I looked up my childhood hero, Fergie Jenkins. First I sorted the umpires by Plate Appearances called. I set a cut-off at 300 -- arbitrary, perhaps, but everyone in that group called Fergie for at least 10 games. I then looked at SO/W ratio, figuring that's the area where the umpire would have the most impact.

Fergie's favorite would have been Tony Venzon at 9.44, almost double the runners-up (Andy Olsen 5.85, Lee Weyer 5.56, Chris Pelekoudas 5.50). His least-favorites would have been Al Cark 1.83 and George Maloney1.96. The sample size on all of these is big enough that these probably aren't flukes. Yet the best is more than 5x greater than the worst.
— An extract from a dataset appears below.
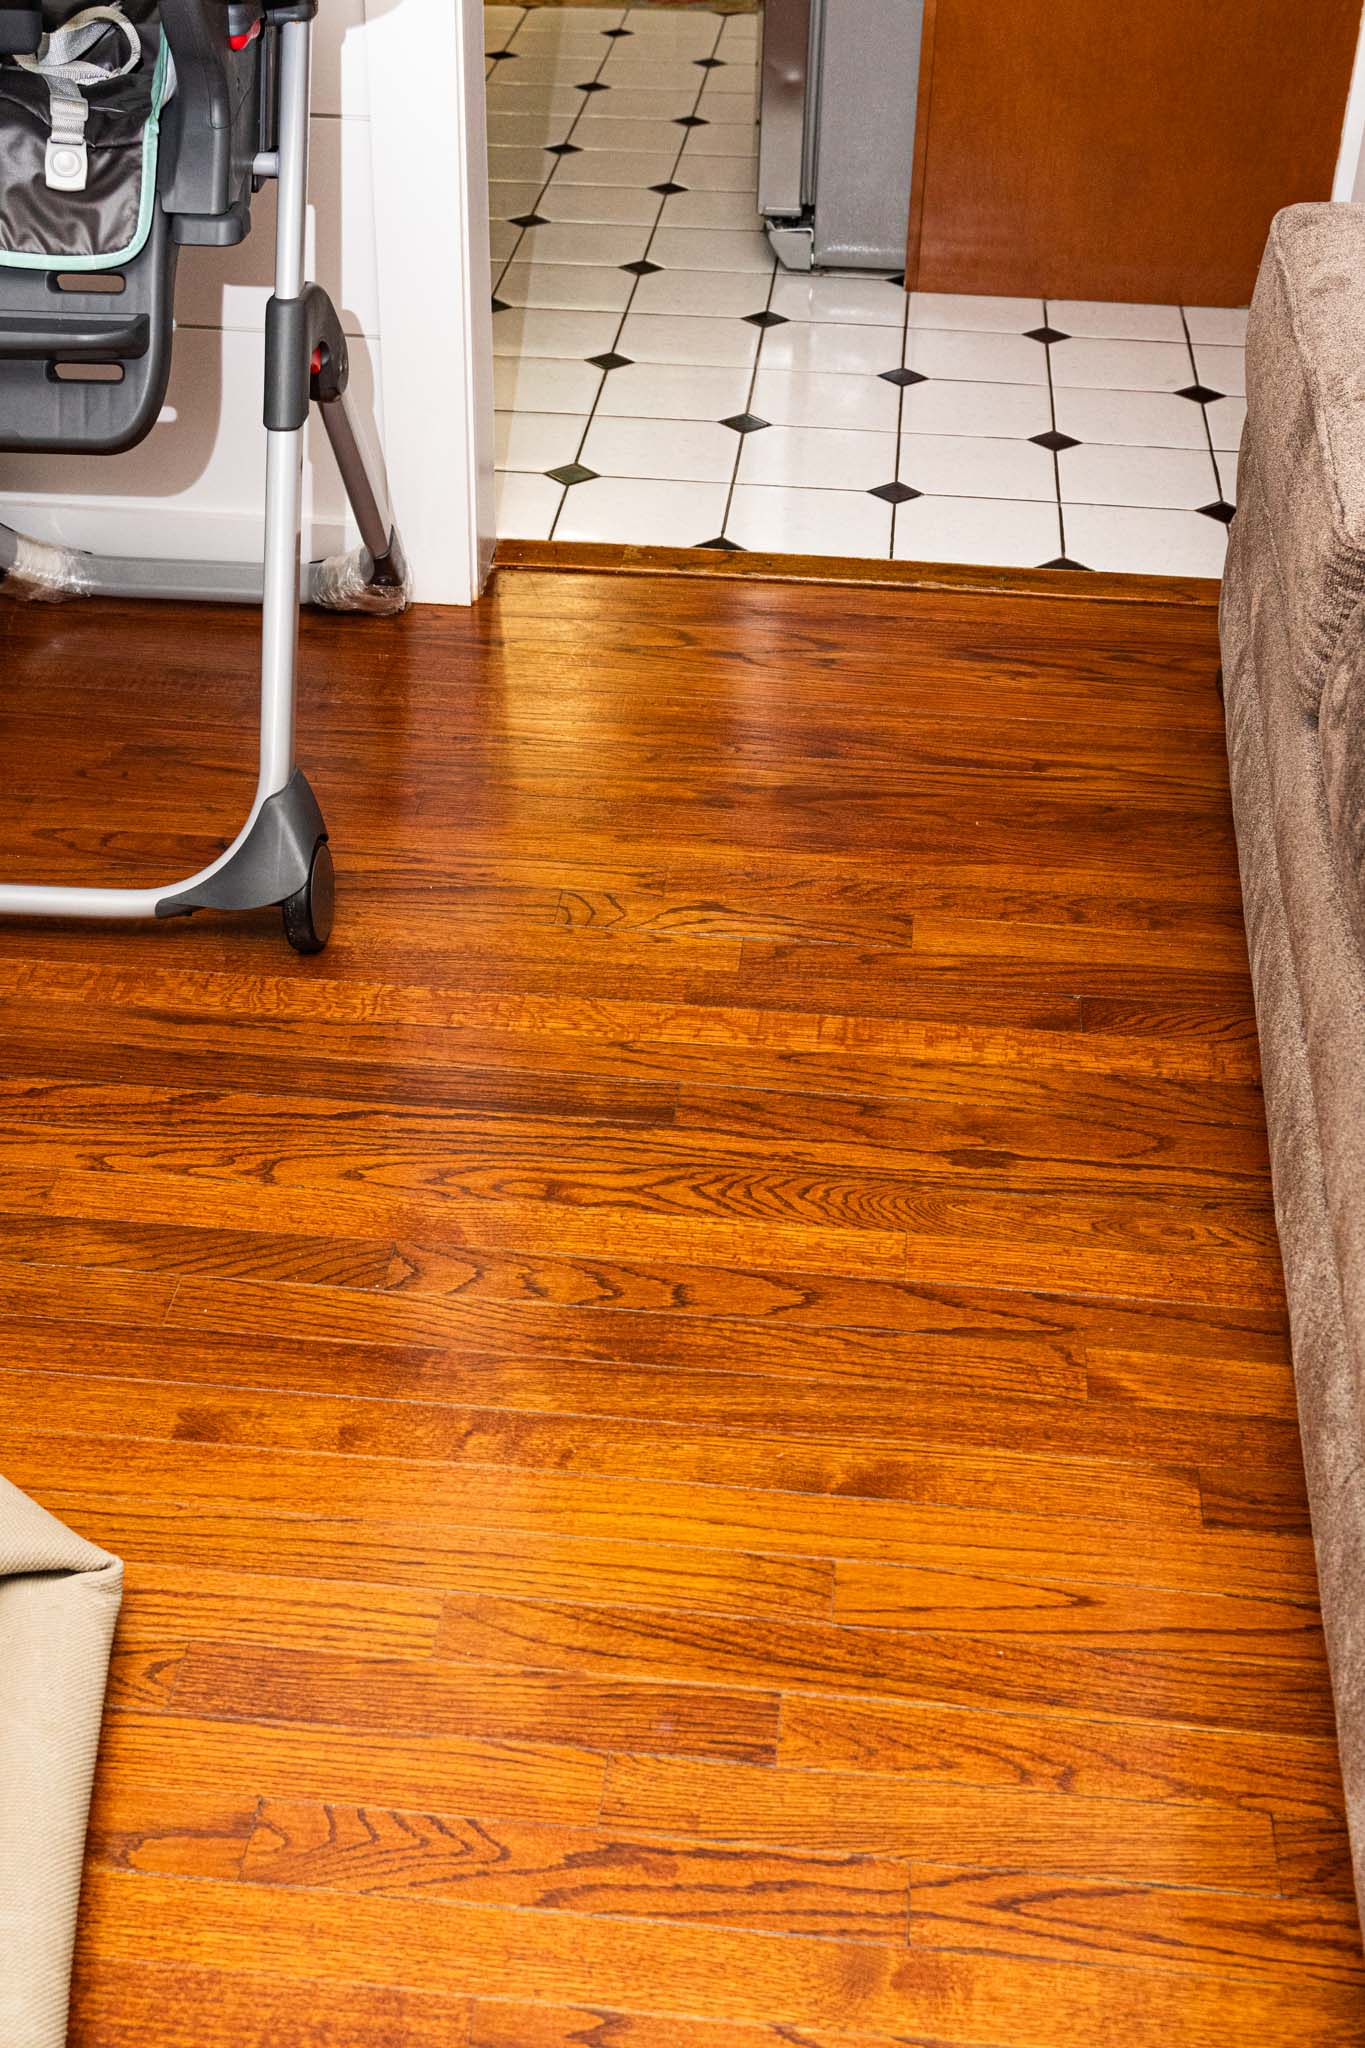 How To Clean Sticky Floors Country, How To Clean Sticky Hardwood Floors

I guess the next question would be: was Venzon (as an example) lenient with all pitchers? Or was he lenient with pitchers who had Fergie's style, and more stringent with others? (Insert your own favorite pitcher, and similar questions would hold.)

Took a quick glance at Fergie's rough-contemporary Bob Gibson. Gibson spent his entire career in the NL, and so saw fewer umpires, and many of them quite a bit more frequently. His range (for umps w/ 300+ PAs) is much narrower: from 1.54 (Ed Vargo) to 3.78 (Harry Wendlestedt). FWIW, Venzon was 2.83 with Gibson.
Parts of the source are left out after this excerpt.